After nearly four years of waiting, the Department of Labor's proposed fiduciary regulatory package is here at last.
The proposed rule (RIN 1210-AB32), released April 14, would ensure that investment advisers put their clients' interest first, said Jeffrey D. Zients, director of the National Economic Council and assistant to President Barack Obama for economic policy, during a media conference call.
The rule would require brokers to work under a fiduciary duty, meaning they would have to act in their clients' best interest. Presently, they are held to a “suitability” standard, meaning they can sell products that generally fit an investor's needs and tolerance for risk. Obama administration officials have said this allows brokers to recommend products that net higher fees or commissions without yielding better returns for investors, and that investors lose as much as $17 billion a year as a result.

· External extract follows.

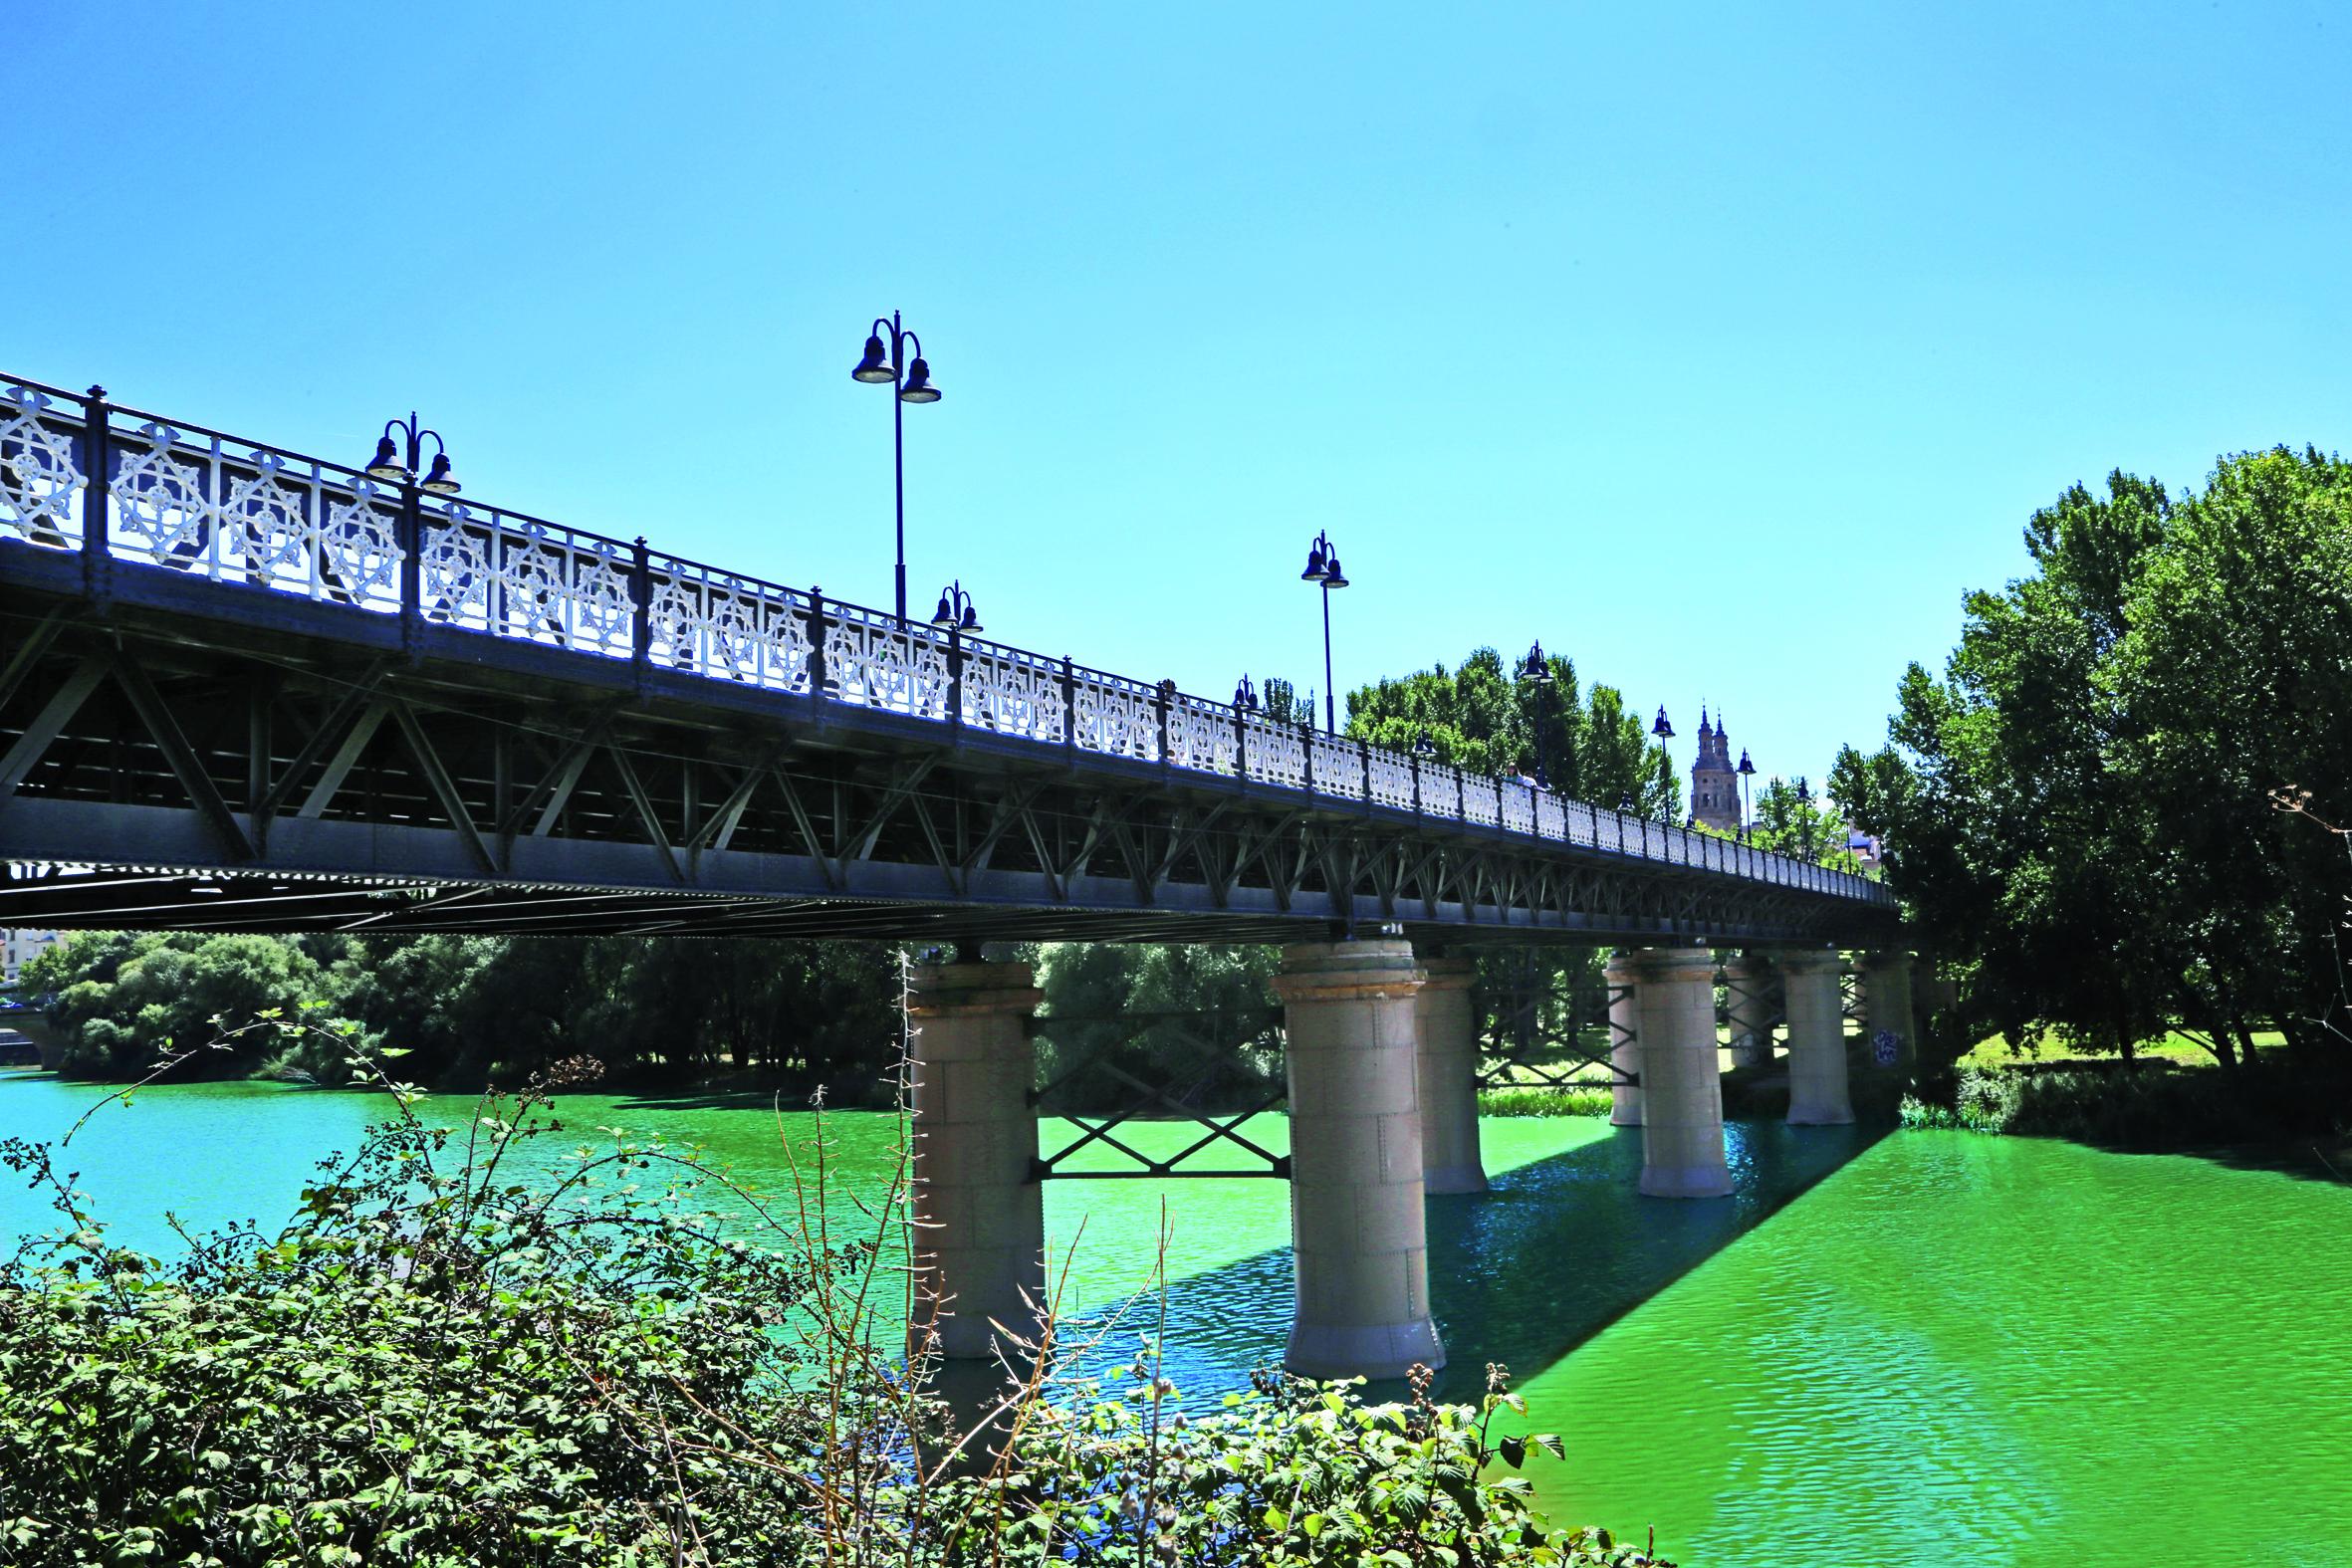 07. Puente de Hierro y Bodegas Francoespañolas

The proposed rule would update the definition of fiduciary investment advice, and would provide carve-outs from the definition for communications that aren't fiduciary in nature. The definition would cover investment recommendations, investment management recommendations, appraisals of investments, or recommendations of persons to provide investment advice for a fee or to manage plan assets, DOL said in the rule.

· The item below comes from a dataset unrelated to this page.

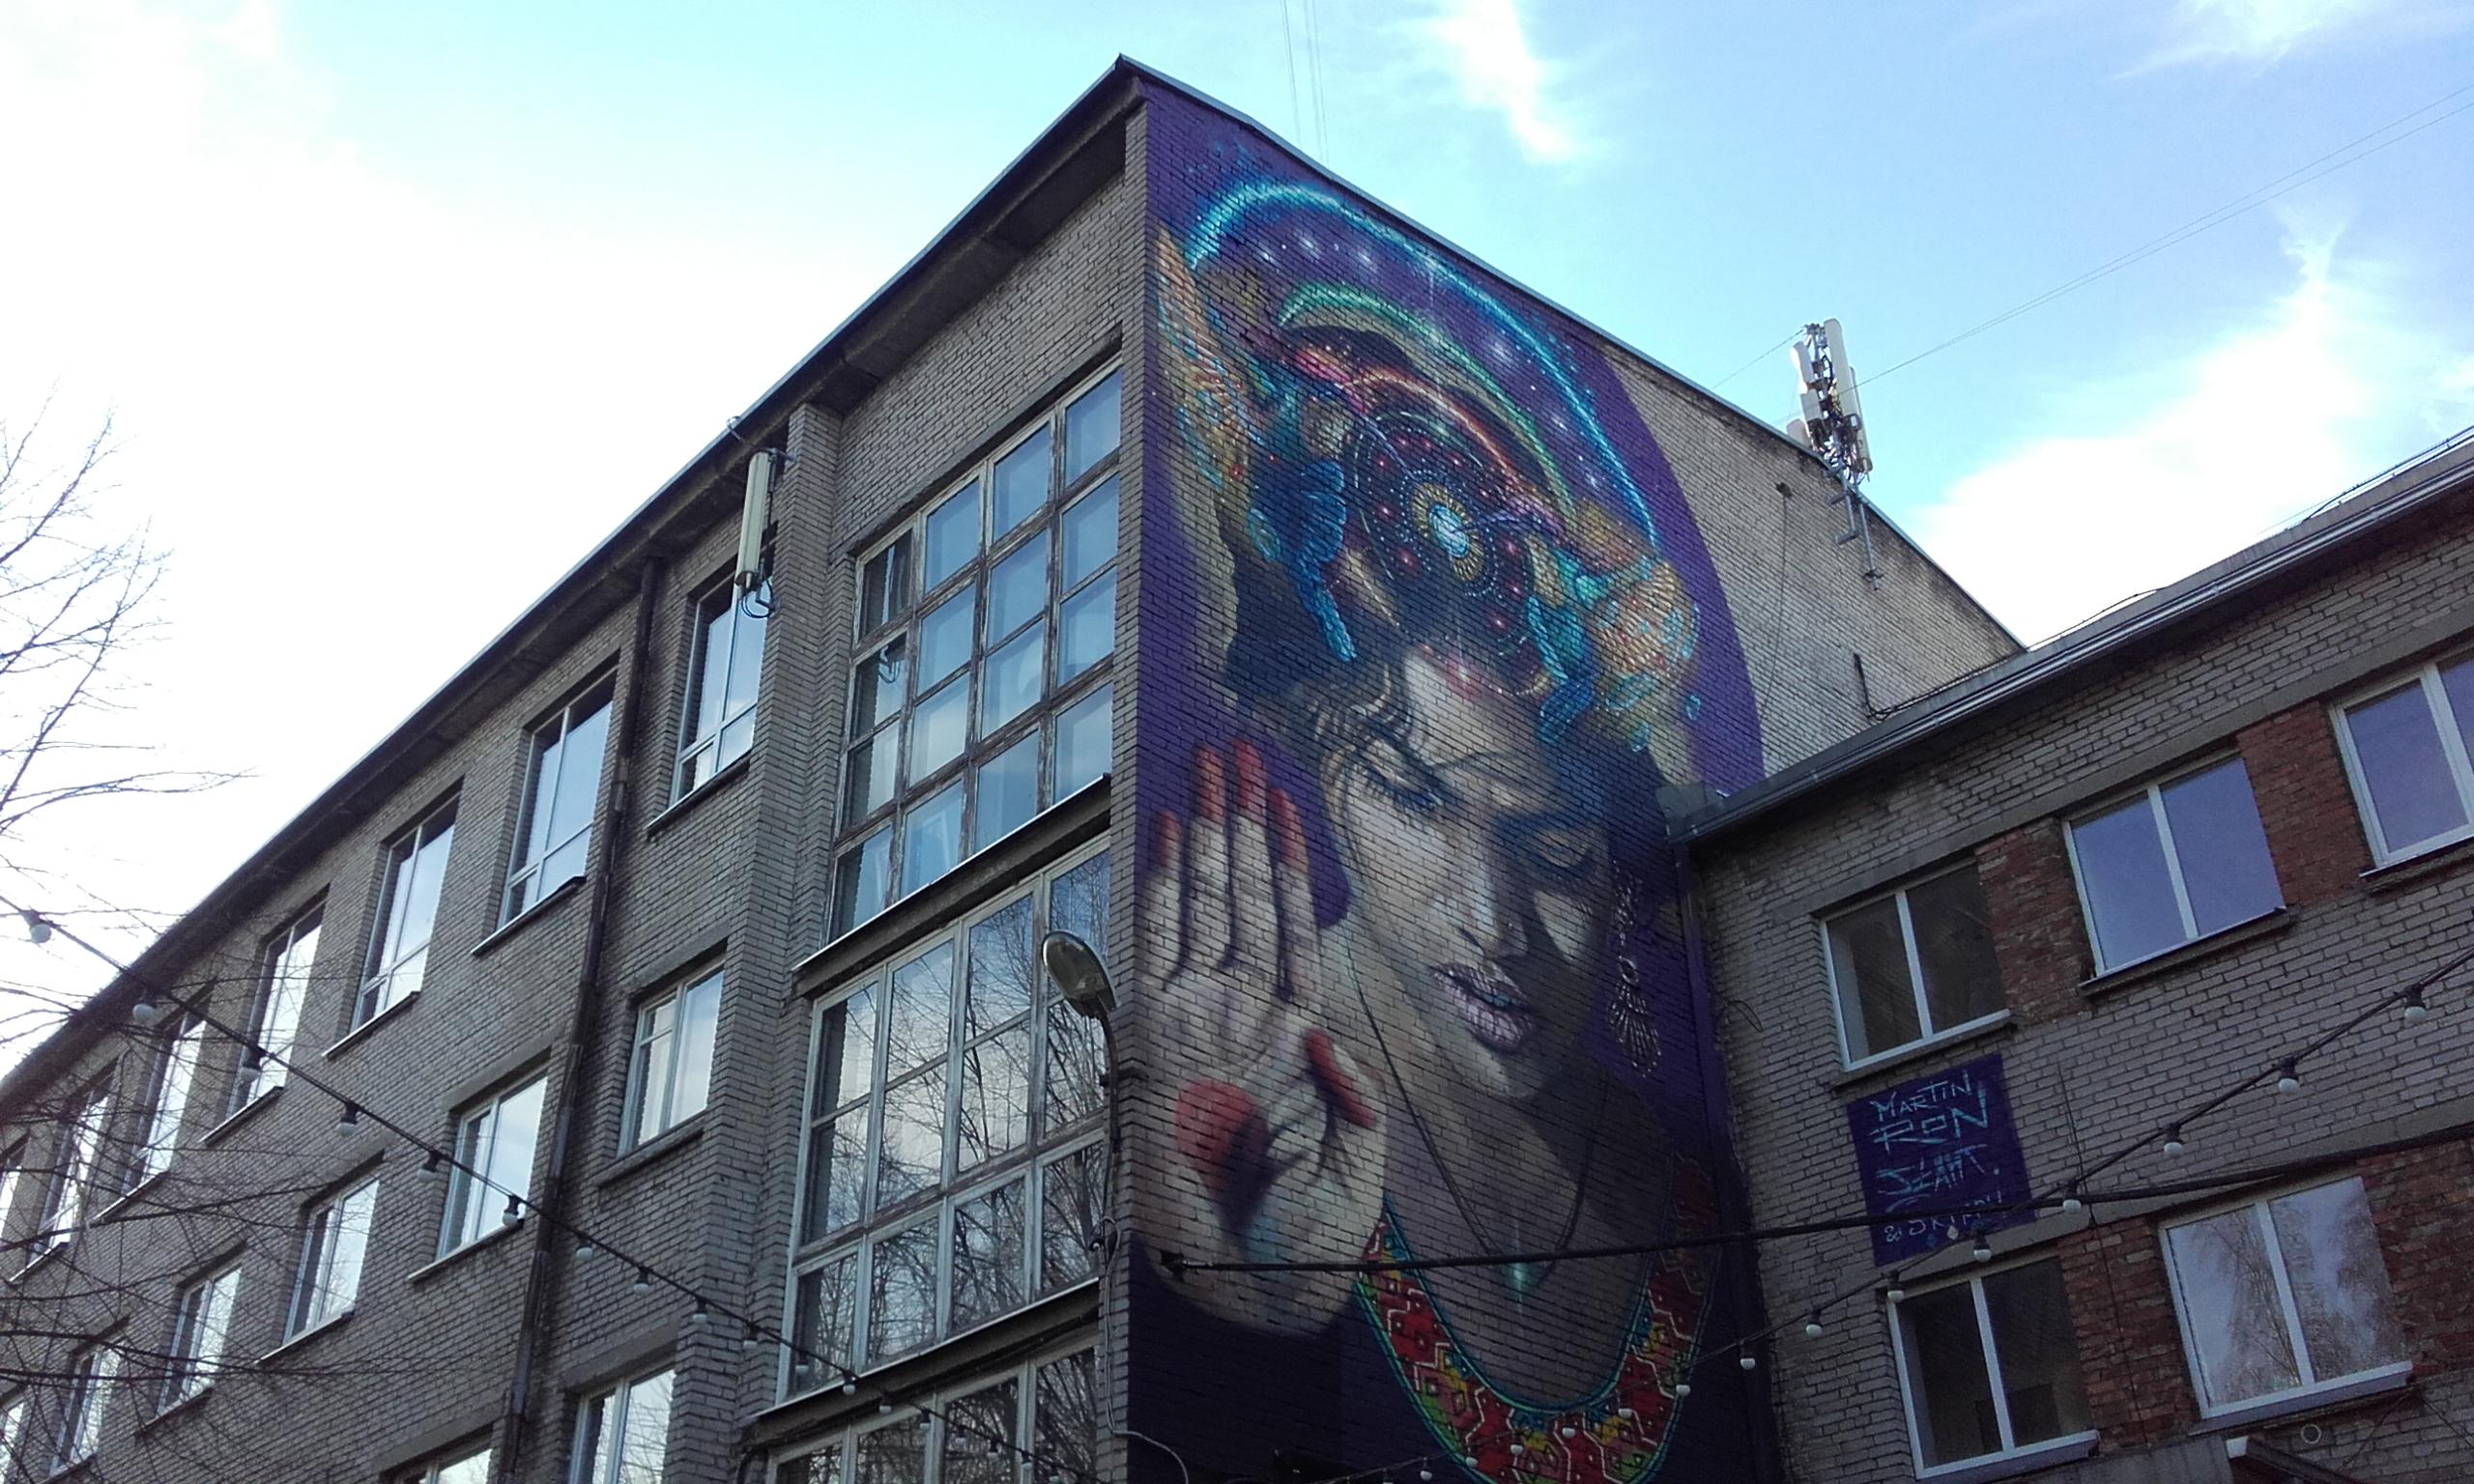 Arte urbano en Telliskivi

The proposed rule listed seven carve-outs:
• statements or recommendations made to a large plan investor with financial expertise by a counterparty acting in an arm's-length transaction;
• offers or recommendations to plan fiduciaries of plans covered by the Employee Retirement Income Security Act to enter into a swap or security-based swap regulated under the Securities Exchange Act or the Commodity Exchange Act;
• statements or recommendations provided to a plan fiduciary of an ERISA plan by an employee of the plan sponsor if the employee receives no fee beyond his or her normal compensation;
• marketing or making available a platform of investment alternatives to be selected by a plan fiduciary for an ERISA participant-directed account plan;
• the identification of investment alternatives that meet objective criteria specified by a plan fiduciary of an ERISA plan or the provision of objective financial data to such fiduciary;
• the provision of an appraisal fairness opinion or a statement of value to an employee stock ownership plan regarding employer securities, to a collective investment vehicle holding plan assets, or to a plan for meeting reporting and disclosure requirements; and
• information and materials that constitute “investment education” or “retirement education.”
Zients said that the administration is adamant about publishing a final rule, and will fight attempts to kill it.
“Now we all know, that for some special interests, the only good rule on conflicts of interests would be no rule at all. I want to make clear that that's not an acceptable outcome when the retirement outcome of so many Americans is at stake,” Zients said.
The DOL's project has been in the works since before 2010, when it was originally proposed, and then pulled a year later after much industry criticism.
Secretary of Labor Thomas E. Perez, who also spoke during the call, said that the proposed rules will provide advisers with the flexibility they need to be fairly compensated, such as through commissions, revenue sharing and 12b-1 fees, so long as they commit to acting in the best interest of their clients.
“Our rule is motivated by one simple goal: Advisers who are paid to provide advice to tax-preferred retirement plans and IRAs, should put their clients' best interest first,” Perez said.
Furthermore, the rule provides “guardrails, but not a straightjacket,” so that consumers know that they'll be getting advice in their best interest, Perez said.
The rule wouldn't apply to general investment education, such as provided by call centers, Perez said. Brokers that merely take orders also wouldn't be subject to the enhanced fiduciary requirements, Perez said.
Excerpted from a story that ran in Pension & Benefits Daily (04/14/2015).